C.  Autres questions

[55]  Dans sa correspondance du 4 décembre 2017, l’avocat de l’AAV a soutenu que le Tribunal devrait suspendre sa décision relativement à quelques questions soulevées dans sa requête. Je ne suis pas d’accord. Je suis plutôt d’avis qu’il ne serait pas dans l’intérêt de l’administration appropriée et ordonnée de la justice de laisser en suspens les questions soulevées par l’AAV dans sa requête ou de reporter la décision du Tribunal sur les diverses réparations demandées par l’AAV, étant donné l’imminence de l’audience sur le fond de la présente affaire et le calendrier serré des étapes restantes de la communication préalable à l’audience. Il ne serait donc pas dans l’intérêt de la justice ni de l’équité de l’instance du Tribunal d’ajourner indéfiniment toute question soulevée dans la requête de l’AAV.

[56]  Le calendrier modifié du procès qui a été proposé sur consentement des parties montre qu’il est possible d’accepter la demande de prolongation de l’AAV tout en respectant le cadre de cinq semaines déjà établi pour l’audience.

[57]  Je conclus qu’avec la prolongation de quatre semaines du délai accordé à l’AAV pour préparer sa réponse, le calendrier révisé du procès et l’occasion fournie à l’AAV d’interroger à nouveau le représentant du commissaire pendant une journée supplémentaire dans le cadre des paramètres établis dans la présente ordonnance, on atteint un équilibre approprié. À mon avis, cela répond adéquatement aux préoccupations soulevées par l’AAV concernant un possible manquement à l’équité procédurale découlant de la communication tardive des documents pour lesquels le privilège a été levé, en plus d’accorder à l’AAV suffisamment de temps pour se préparer et achever les étapes restantes de la communication préalable à l’audience. À ce stade-ci, aucun motif ne permet de croire qu’un autre ajournement de l’audience pourrait être envisagé.

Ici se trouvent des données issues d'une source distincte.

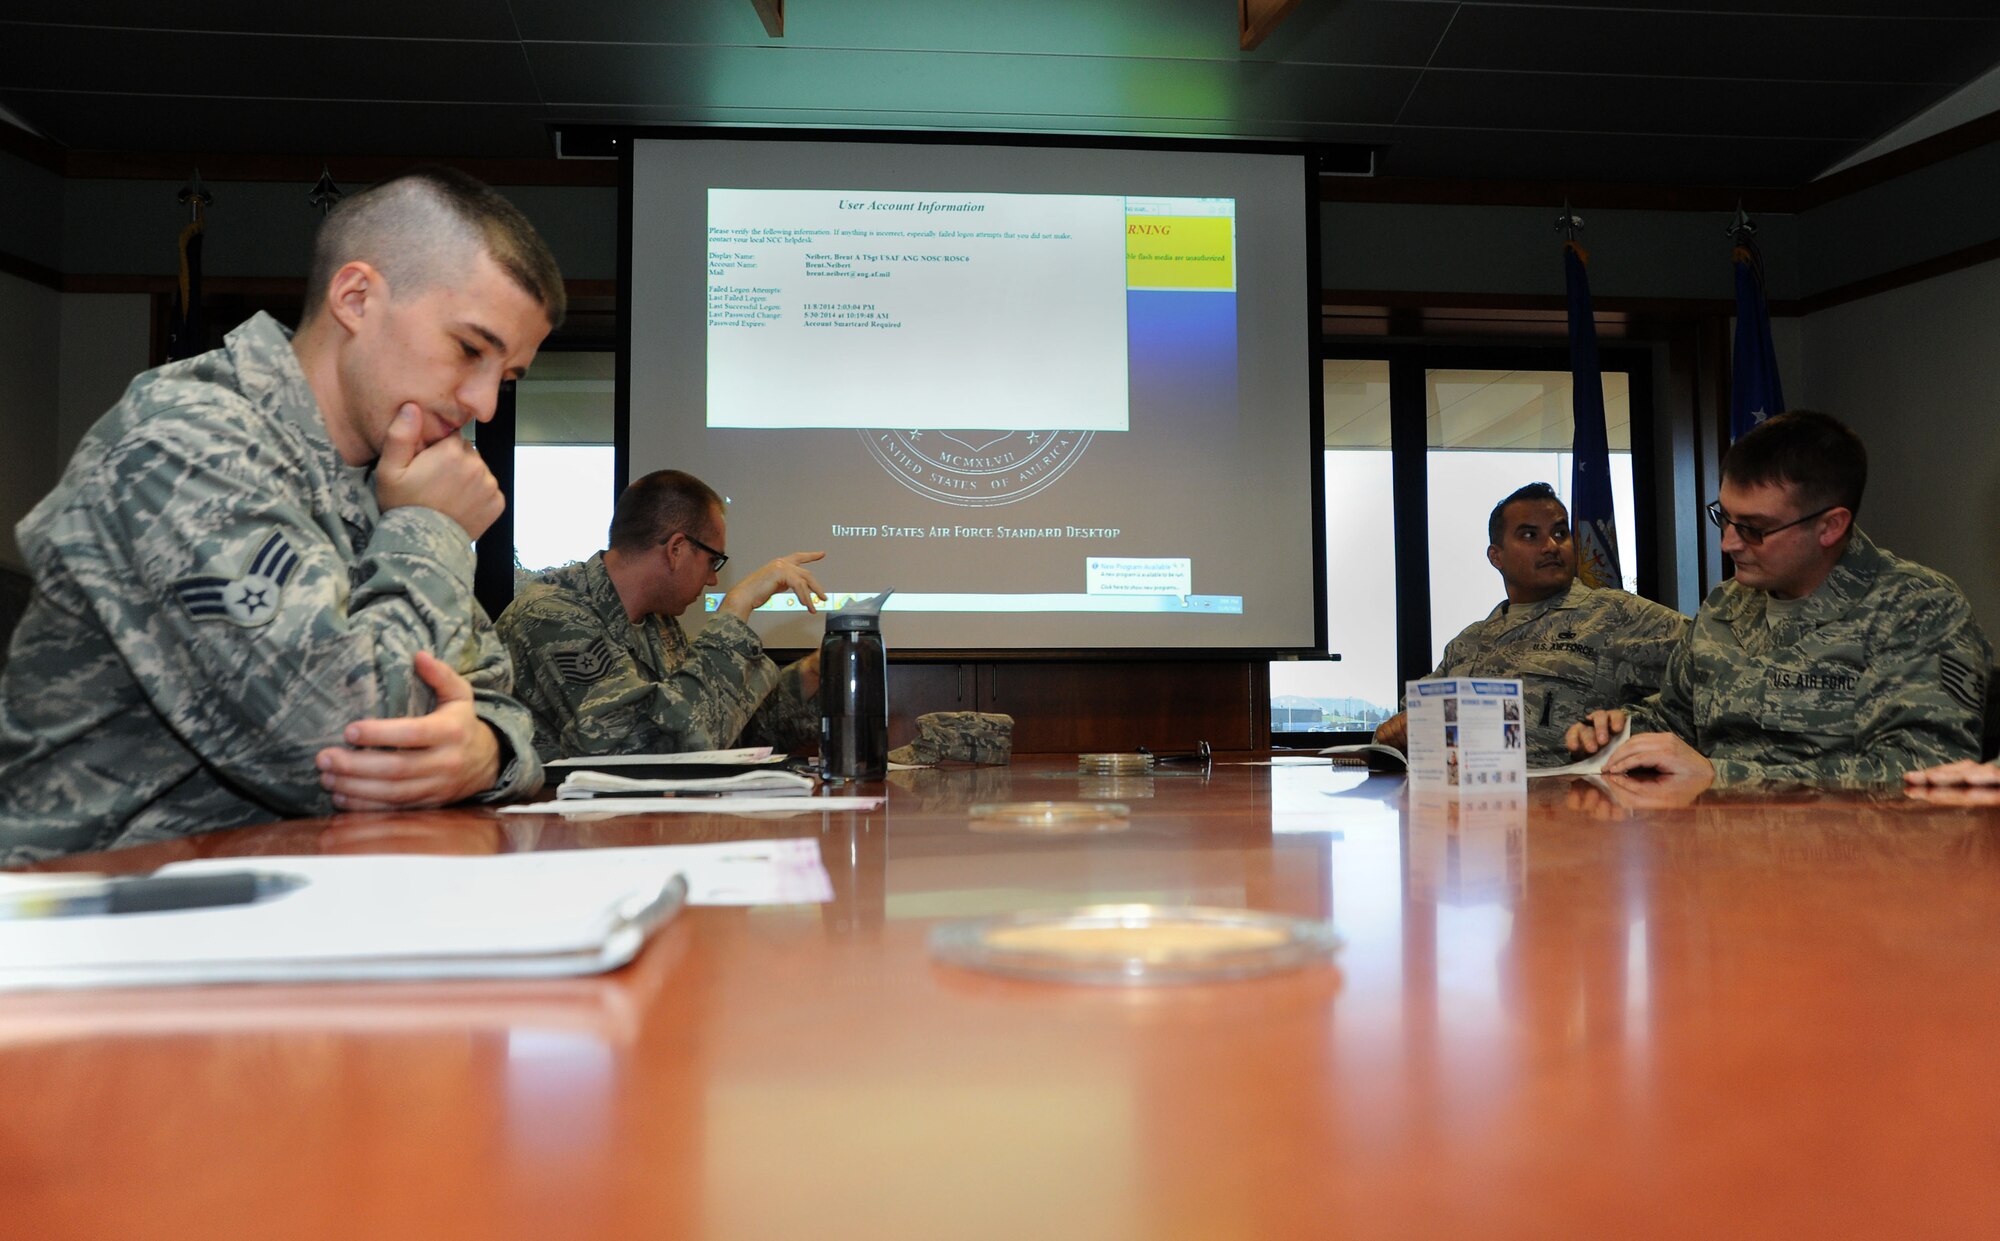 Senior Airman Miles Dodge, left, participates in the Junior Enlisted Council meeting taking place on Nov. 8, 2014, Portland Air National Guard Base, Ore. (U.S. Air National Guard photo by Staff Sgt. Brandon Boyd)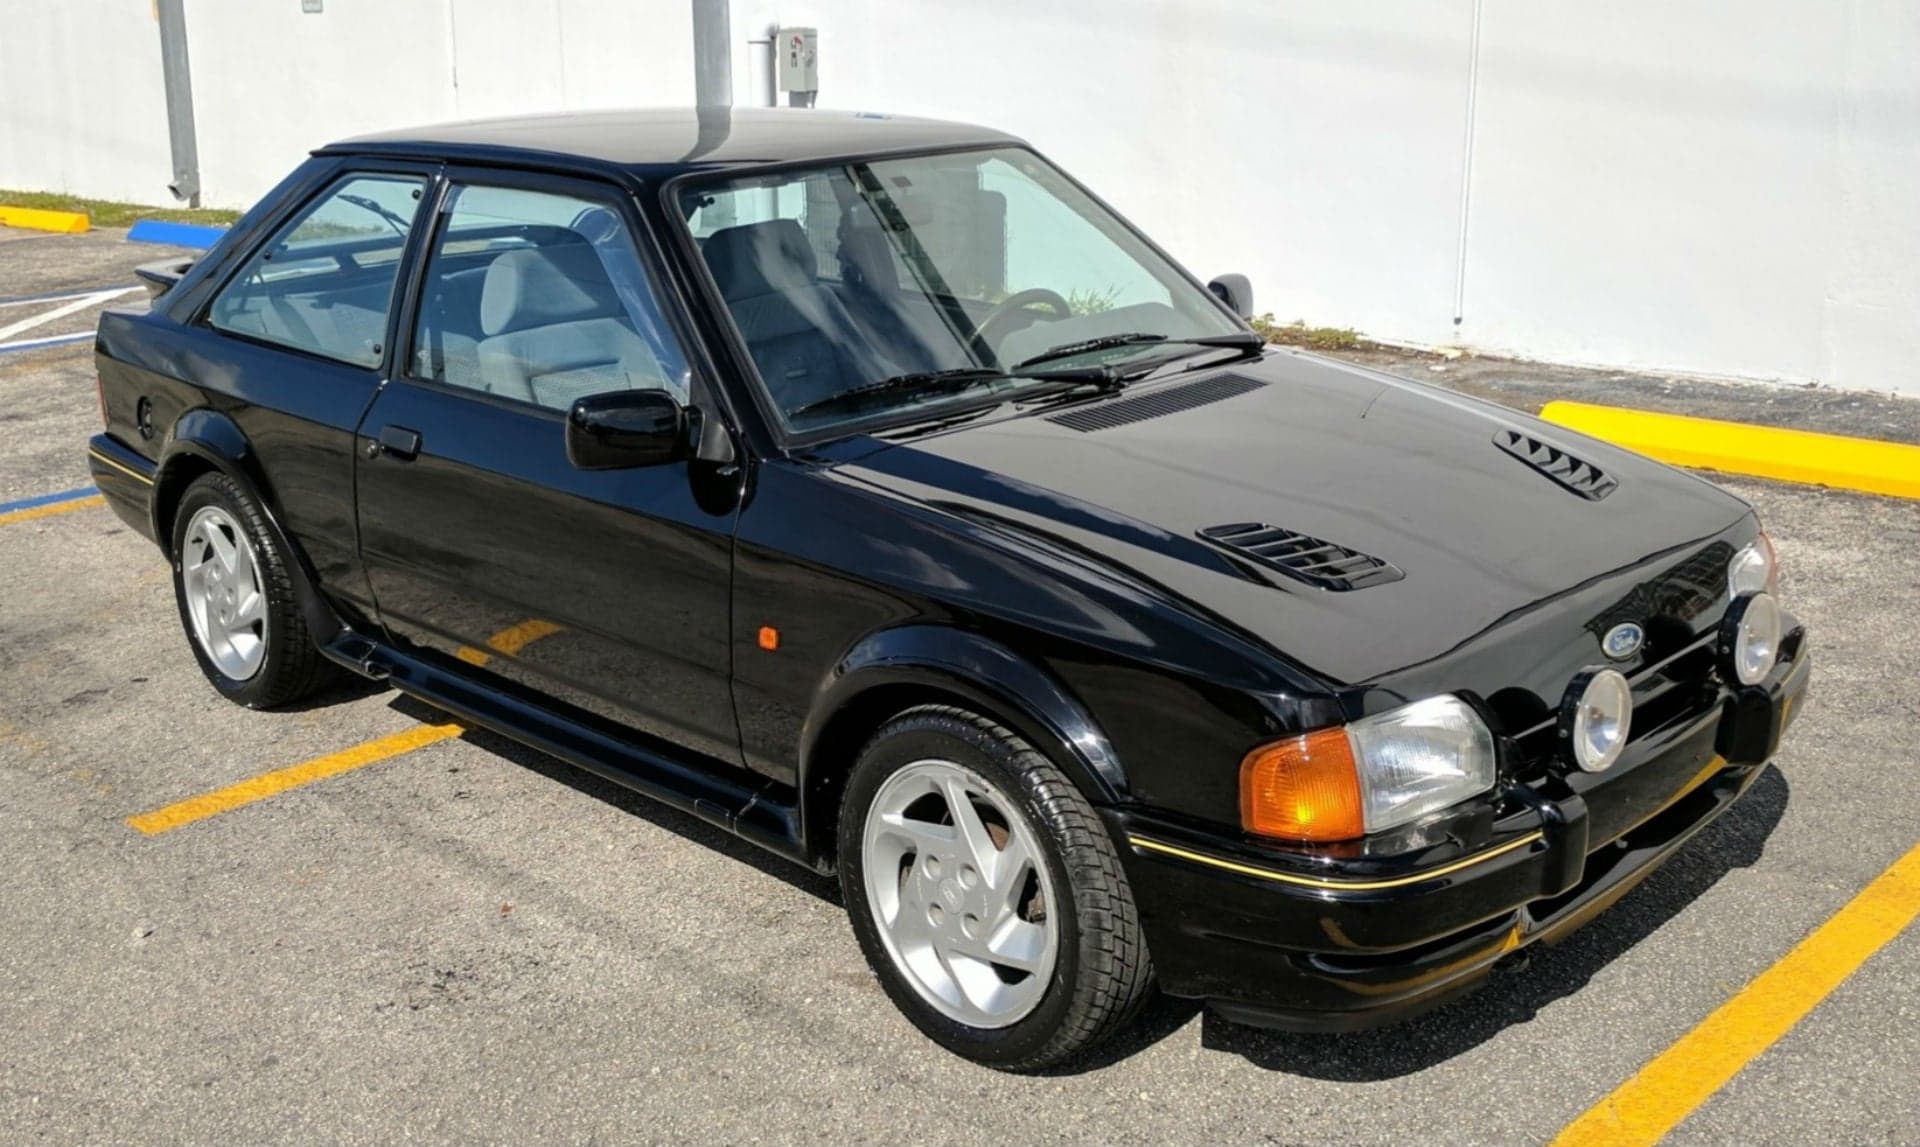 This 1988 Ford Escort RS Turbo Is America’s Forbidden Rally Fruit, and Now You Can Buy It

[58]  Enfin, je fais observer que, dans le contexte de la présente ordonnance, je ne suis pas tenu de déterminer quelle réparation l’AAV pourrait être en mesure de demander à l’issue de son appel de la décision relative au privilège qui est actuellement devant la Cour d’appel fédérale.

IV.  CONCLUSION

[59]  Pour les motifs qui précèdent, les demandes et la requête de l’AAV sont accueillies en partie; celle-ci aura le droit restreint de procéder à un autre interrogatoire préalable du représentant du commissaire, et le calendrier pour le règlement de la demande sera modifié. Je prends acte du fait que le commissaire accepte de produire son représentant pour une journée supplémentaire d’interrogatoire préalable, en lien avec les documents pour lesquels le privilège a été levé. Après avoir examiné les documents déposés par l’AAV ainsi que la correspondance la plus récente entre les avocats des deux parties, et après les avoir entendus lors de la CGI du 30 novembre 2017, je suis prêt à ordonner l’interrogatoire préalable supplémentaire du représentant du commissaire, selon les paramètres établis dans la présente ordonnance. Je suis également d’accord avec l’AAV pour dire qu’étant donné la communication tardive, par le commissaire, des documents pour lesquels le privilège a été levé, conjuguée au nombre de documents en jeu, les considérations d’équité commandent que l’AAV se voie accorder plus de temps pour examiner et résumer l’information afin d’être en mesure de préparer adéquatement sa réponse. À mon avis, cela peut se faire en ajustant les étapes restantes de la communication préalable à l’audience énoncées dans l’ordonnance de juillet concernant le calendrier et en modifiant légèrement les dates d’audience déjà fixées pour la présente affaire, et ce, en s’inspirant de celles établies dans le calendrier révisé accepté par les parties.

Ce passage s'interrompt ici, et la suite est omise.